DEBT/EQUITY SWAP IN PRE-BANCRUPCY SETTLEMENT USING THE MEZZANINE DEBT
DOI:
https://doi.org/10.30925/zpfsr.44.3.8Keywords:
shares, mezzanine, pre-bancrupcy settlement, debt/equity swap.Abstract
At first glance, mezzanine debt should be classified as an economic area of research. However, in recent years, this instrument has often appeared in the Croatian legal system as a model of attempts to rehabilitate failed companies in pre-bankruptcy proceedings. Domestic legal doctrine has so far not devoted itself to the instrument of mezzanine debt, even though the very fact of the application of conceptually questionable (e.g. senior debt) and regulatory unknown recovery mechanisms of debtor companies in pre-bankruptcy proceedings indicates the existence of a need for a more detailed analysis of this issue. The main observed dispute relates to cases of conversion of mezzanine debt of creditors who are not credit institutions or funds authorized for lending into a business share of the debtor’s company. The aim of this paper is to analyze the position of mezzanine debt in domestic legal transactions and to analyze it as a mechanism for settling creditors in pre-bankruptcy proceedings, as well as the justification of the consequent conversion of the claim into a business share without the creditor’s consent.

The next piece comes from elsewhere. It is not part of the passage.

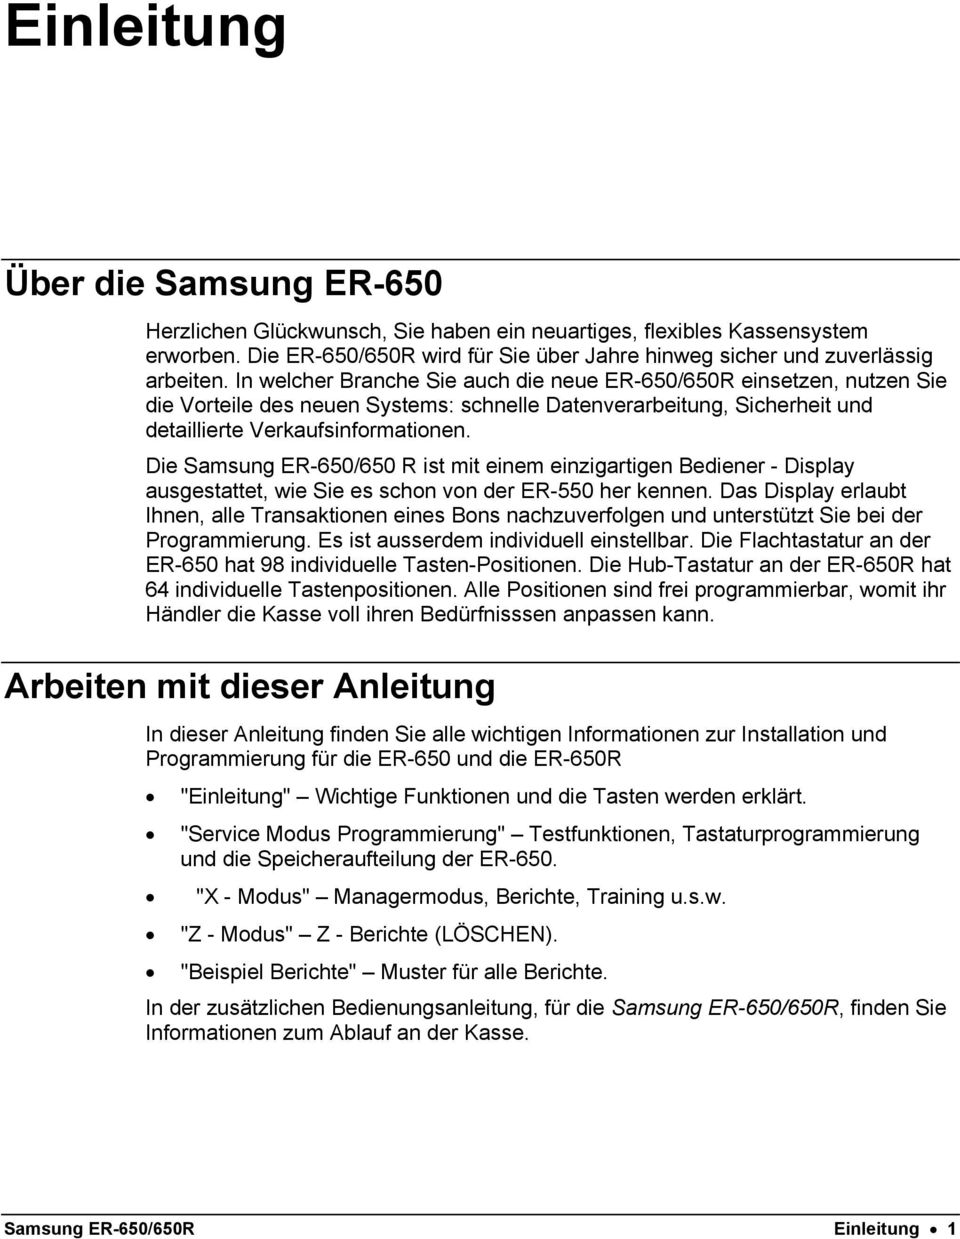 Die Samsung ER-650/650 R ist mit einem einzigartigen Bediener - Display ausgestattet, wie Sie es schon von der ER-550 her kennen.

An attempt will also be made to answer the question, whether it is a legitimate legal means of creditor settlement or an anomaly whose practical application should be reconsidered. The paper will present the conclusions about the institute of mezzanine debt in relation to the observed controversies and point out the necessary caution when implementing this instrument in pre-bankruptcy procedures pro futuro.